### Dataset section

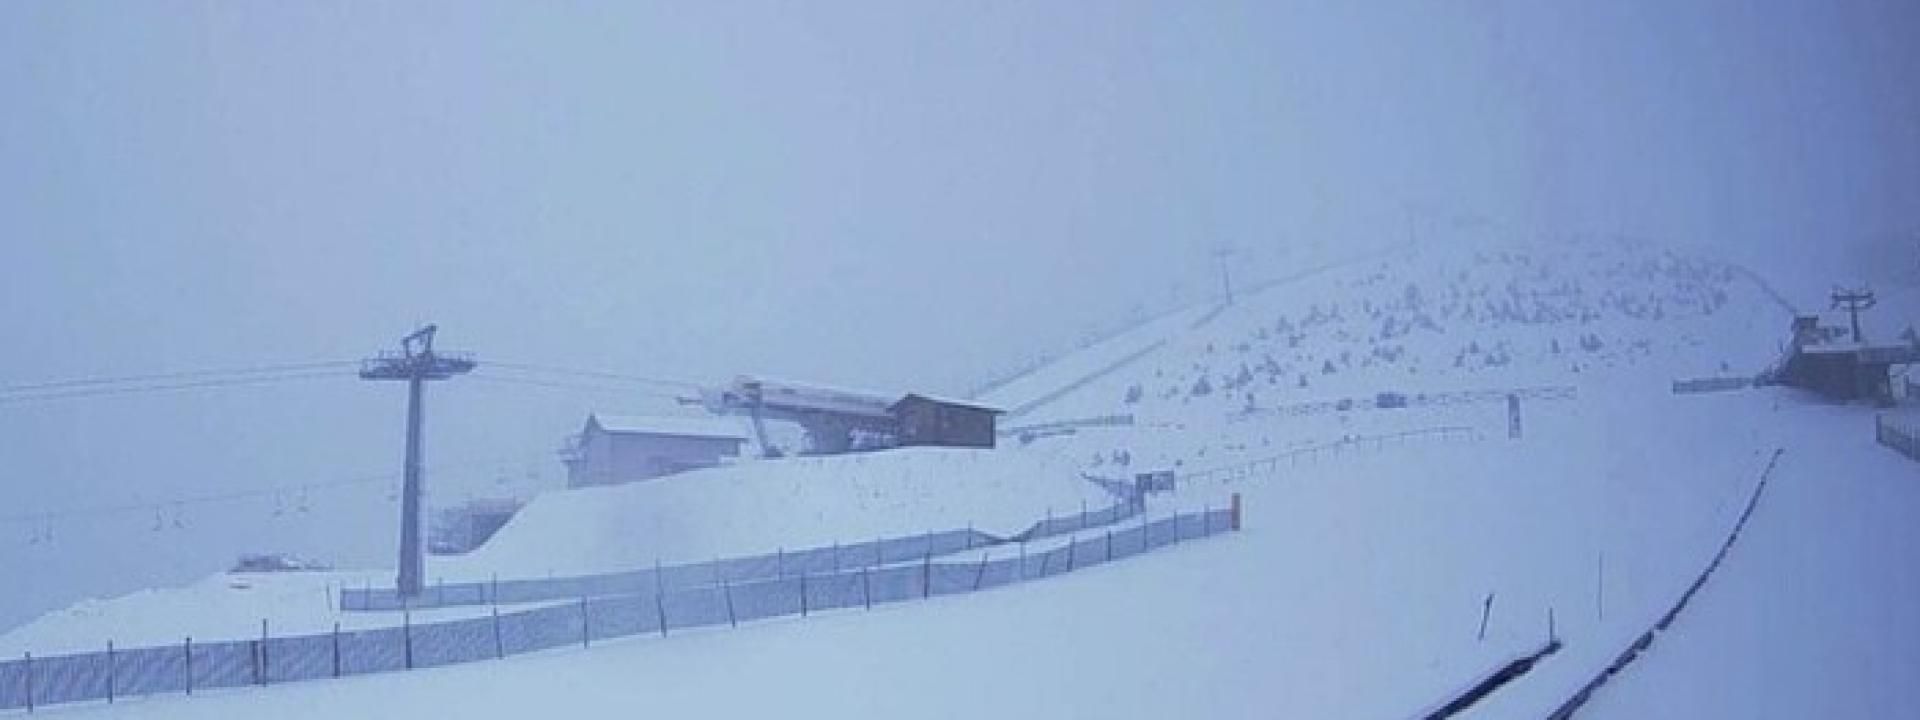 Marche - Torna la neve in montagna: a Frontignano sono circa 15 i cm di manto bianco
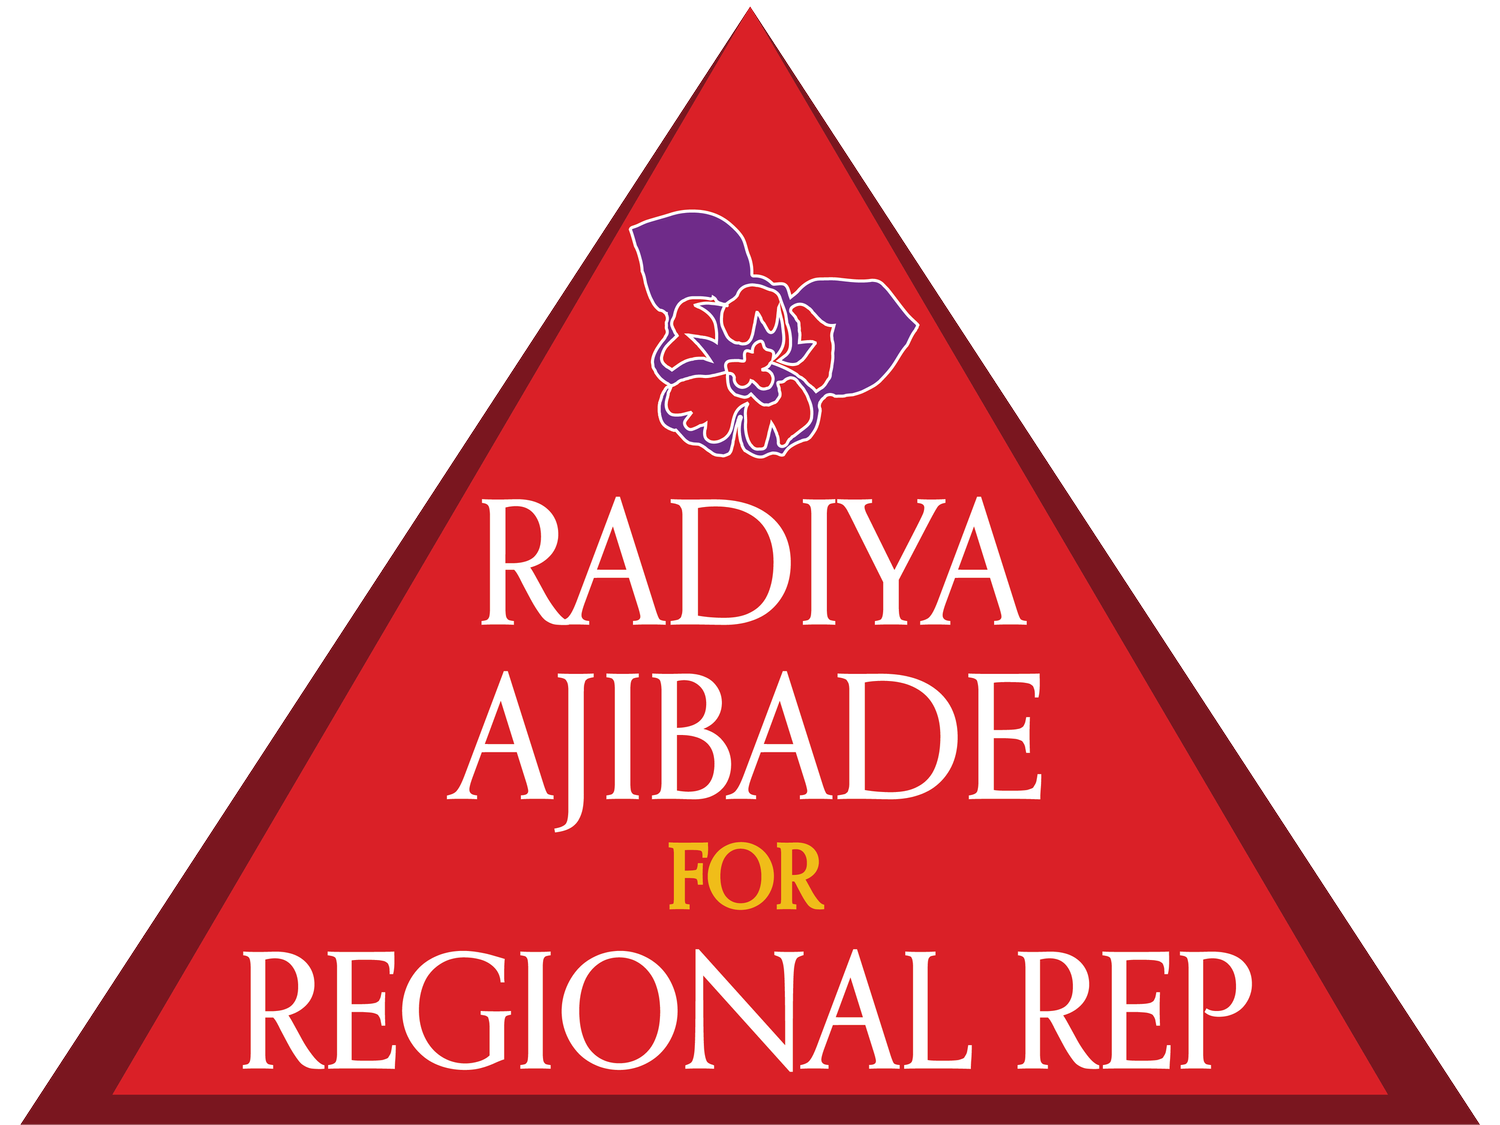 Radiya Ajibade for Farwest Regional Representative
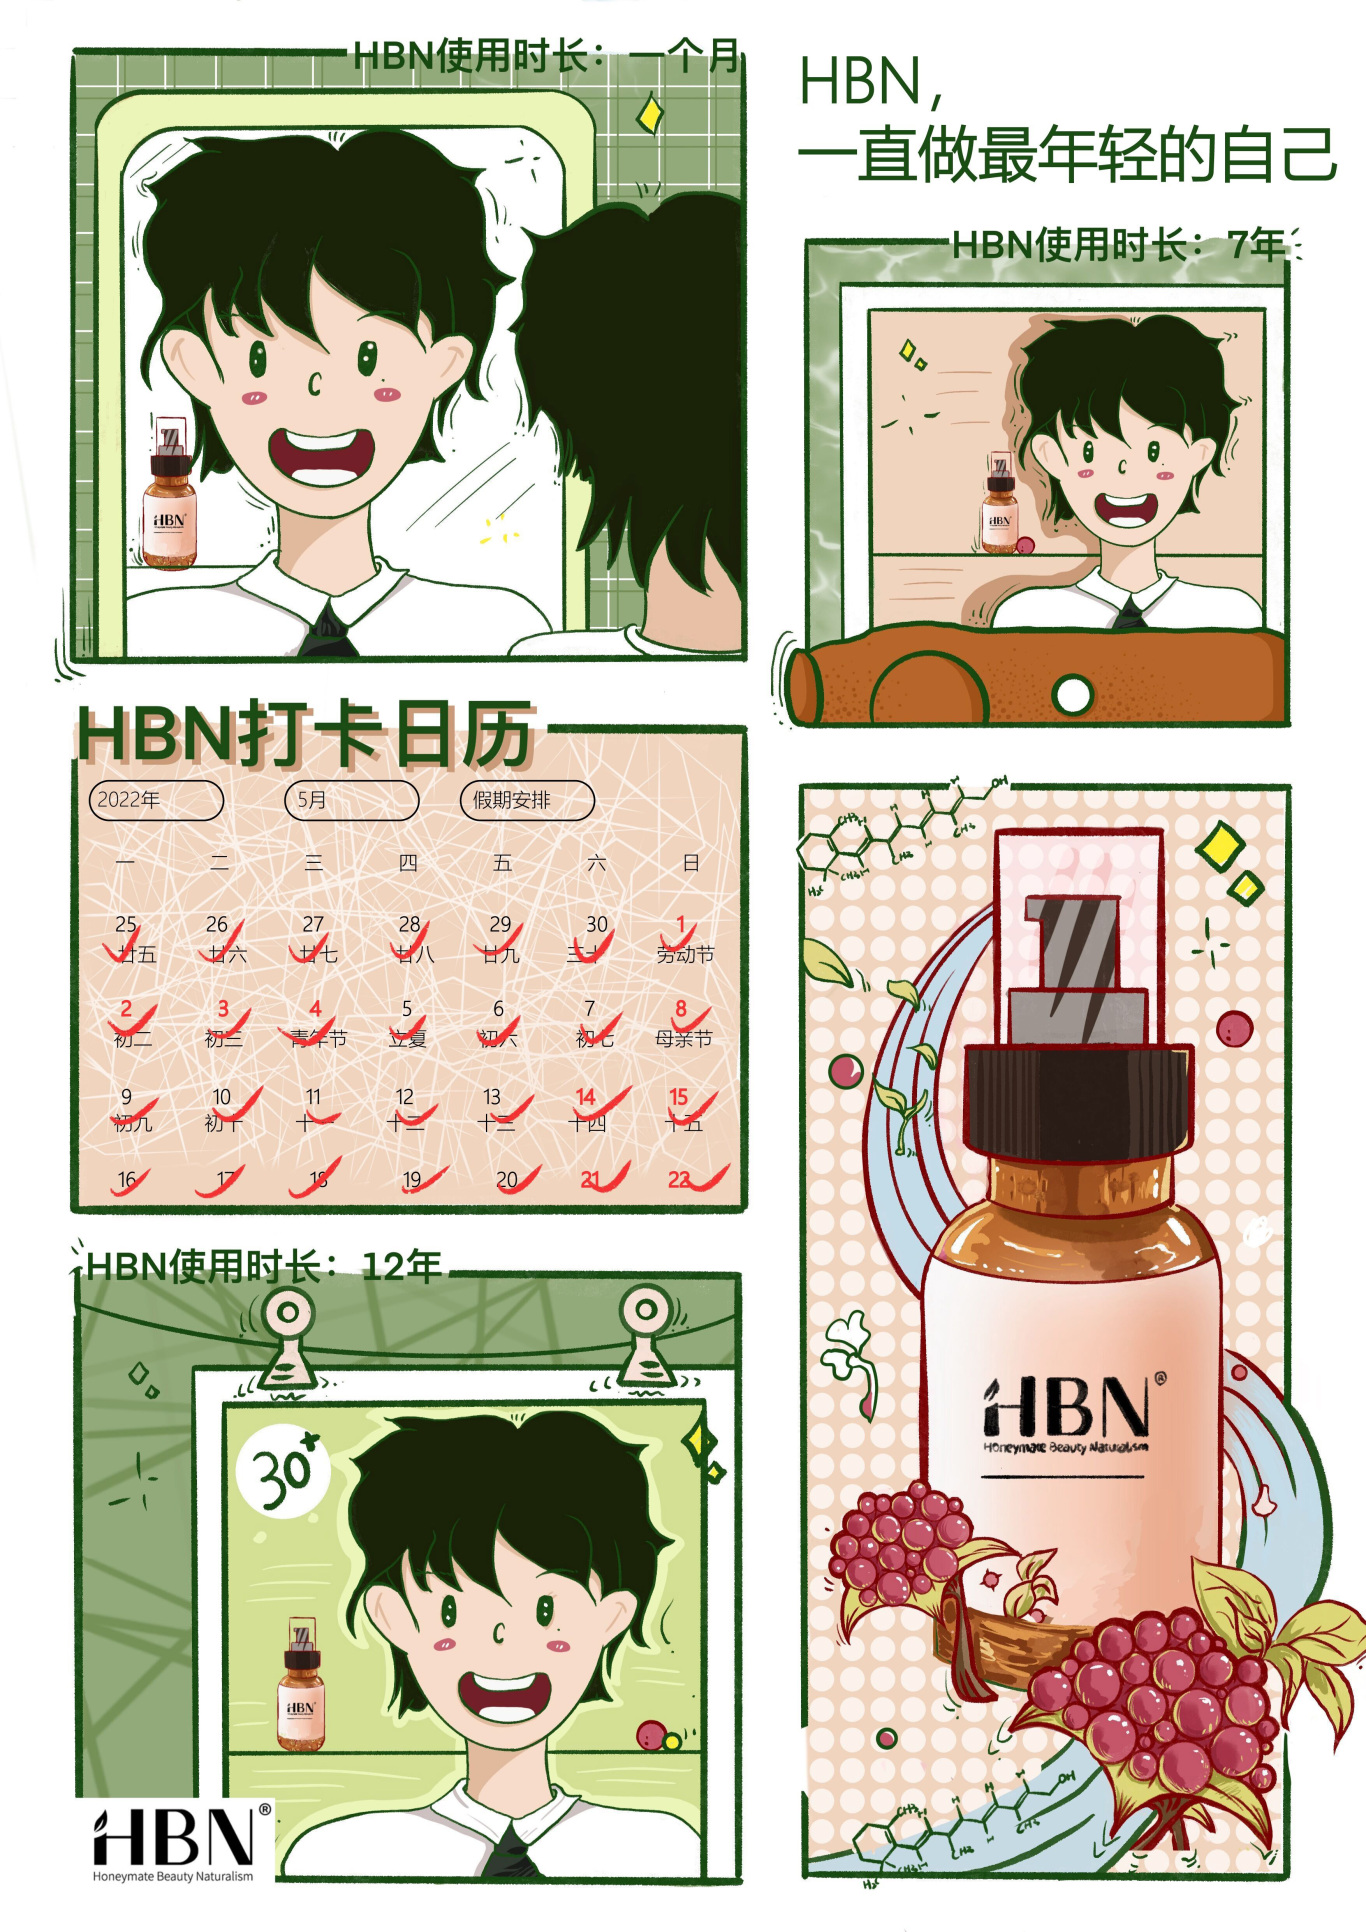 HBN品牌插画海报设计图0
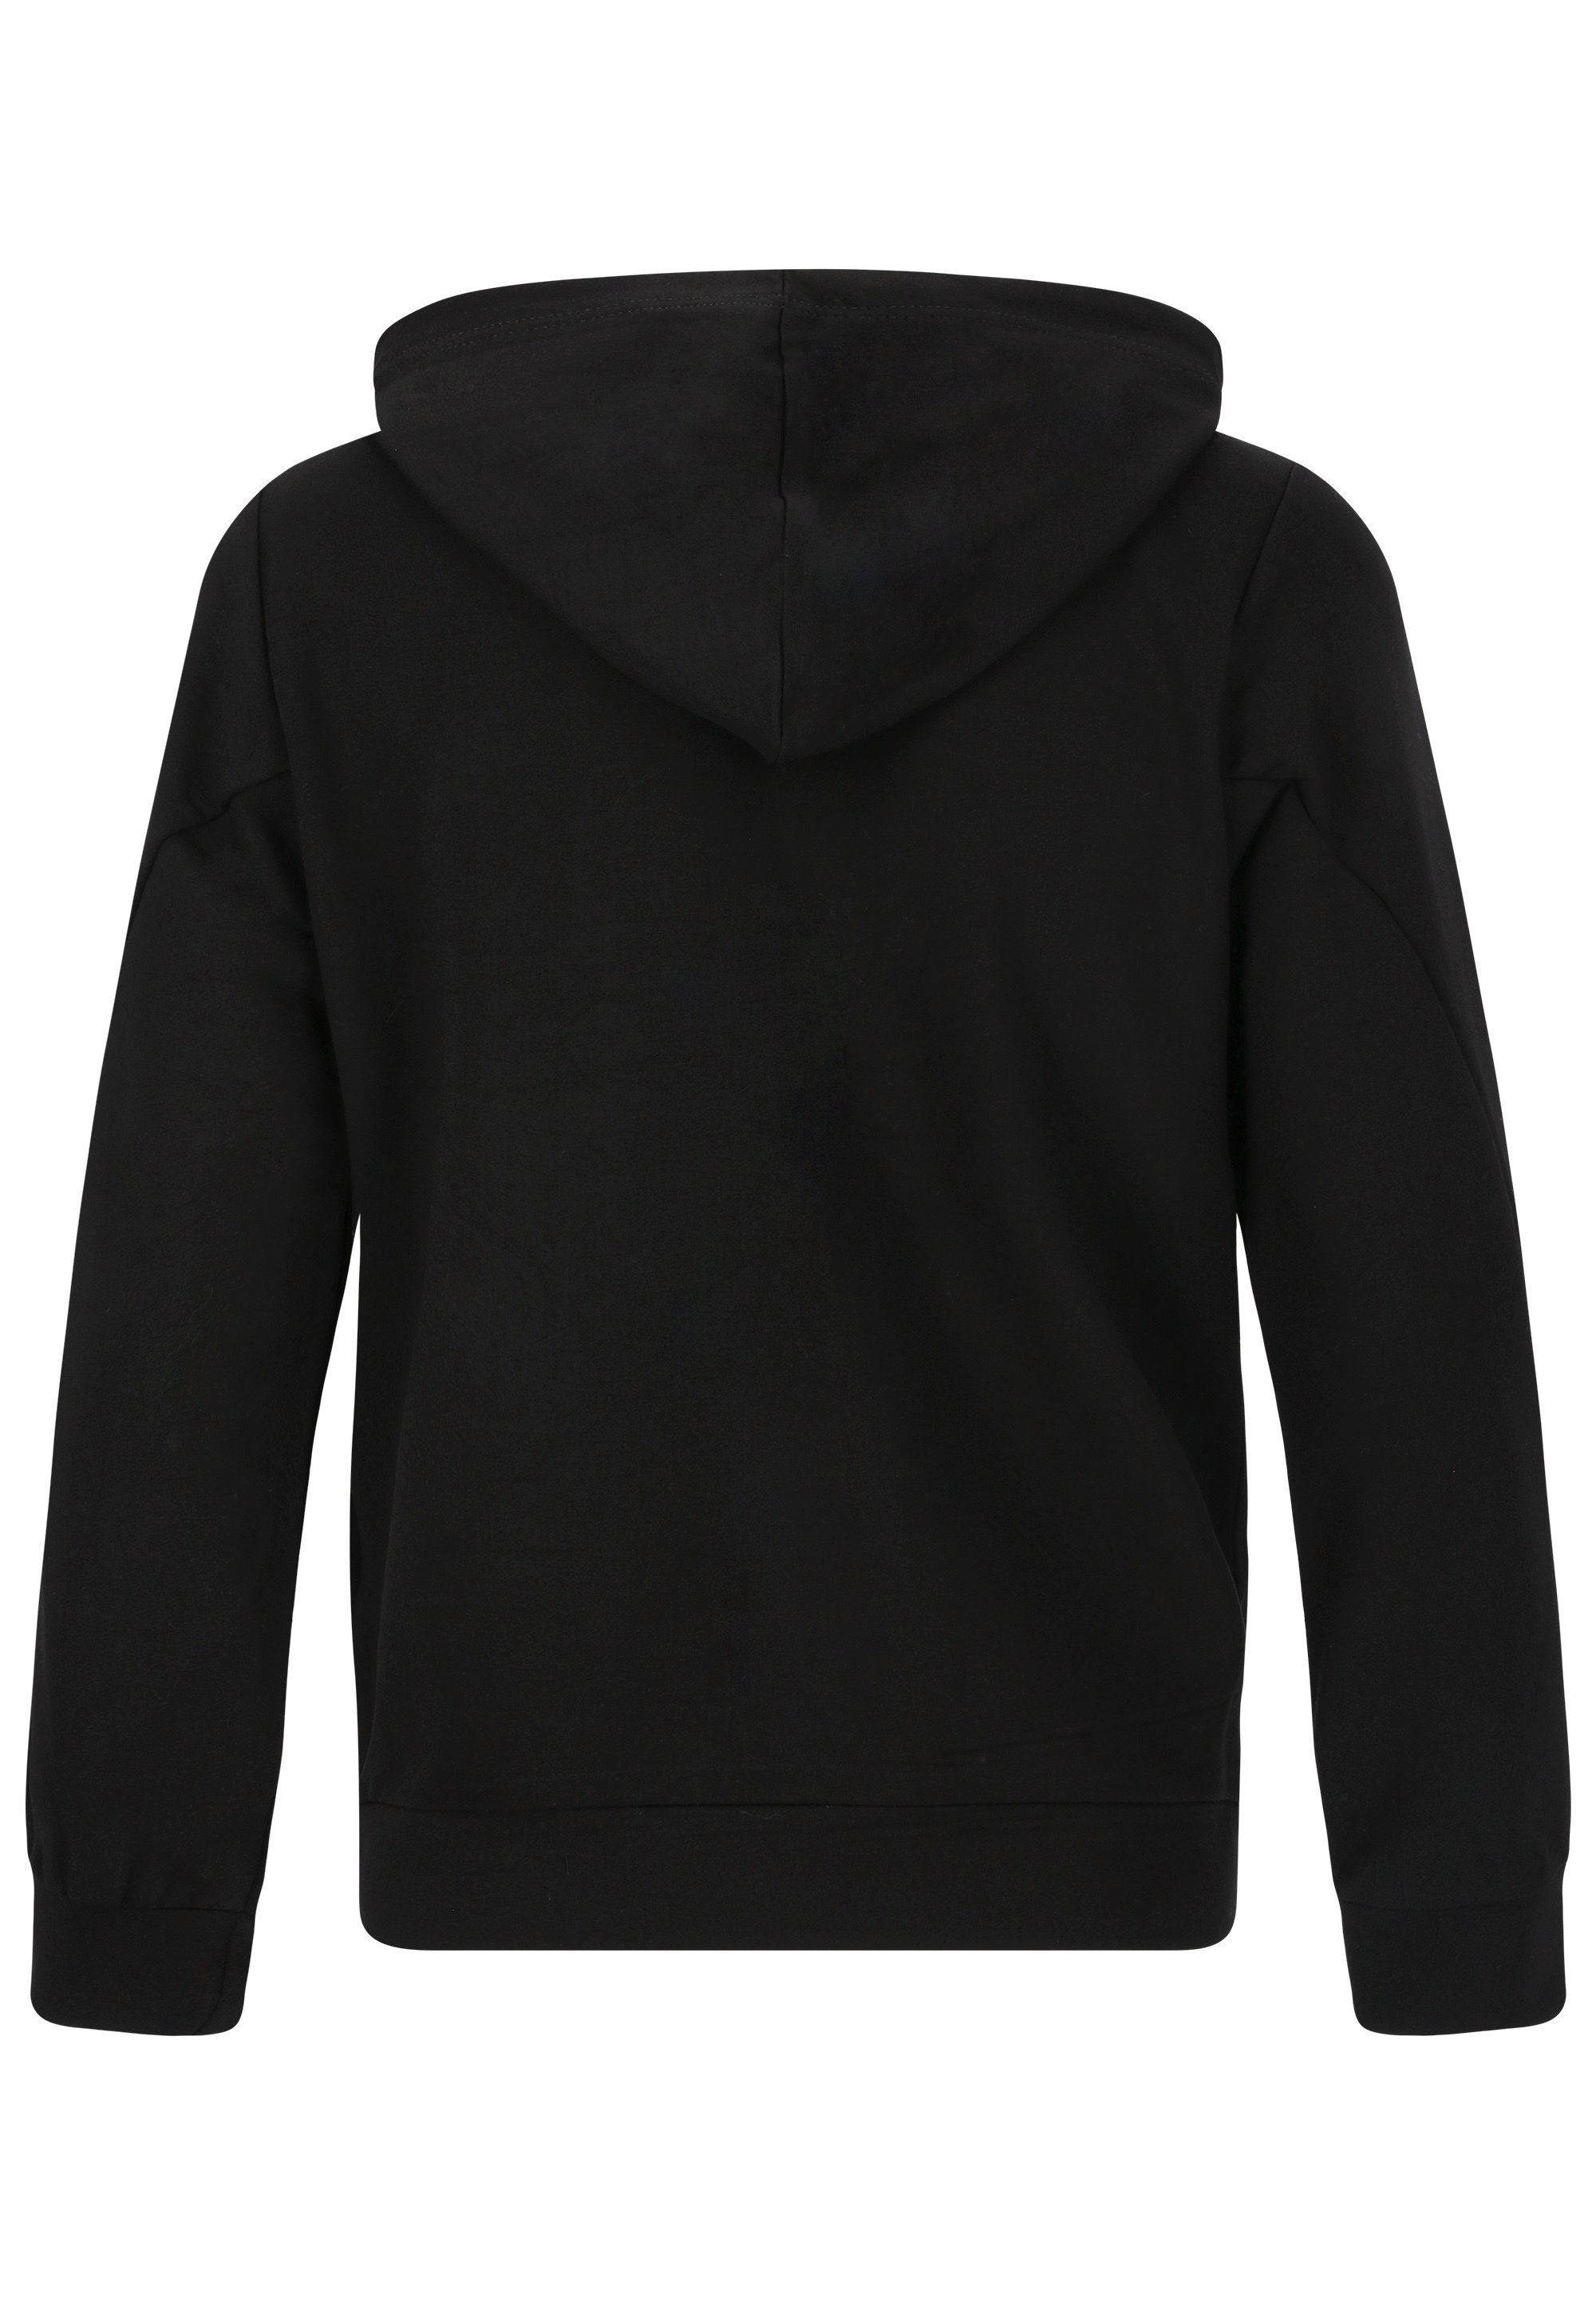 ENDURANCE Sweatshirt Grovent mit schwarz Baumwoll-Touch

### Exercise goal
Write the material out again word for word and omit any images.

### Exercise response
 Marche - Torna la neve in montagna: a Frontignano sono circa 15 i cm di manto bianco
 Radiya Ajibade for Farwest Regional Representative
 HBN品牌插画海报设计图0
 ENDURANCE Sweatshirt Grovent mit schwarz Baumwoll-Touch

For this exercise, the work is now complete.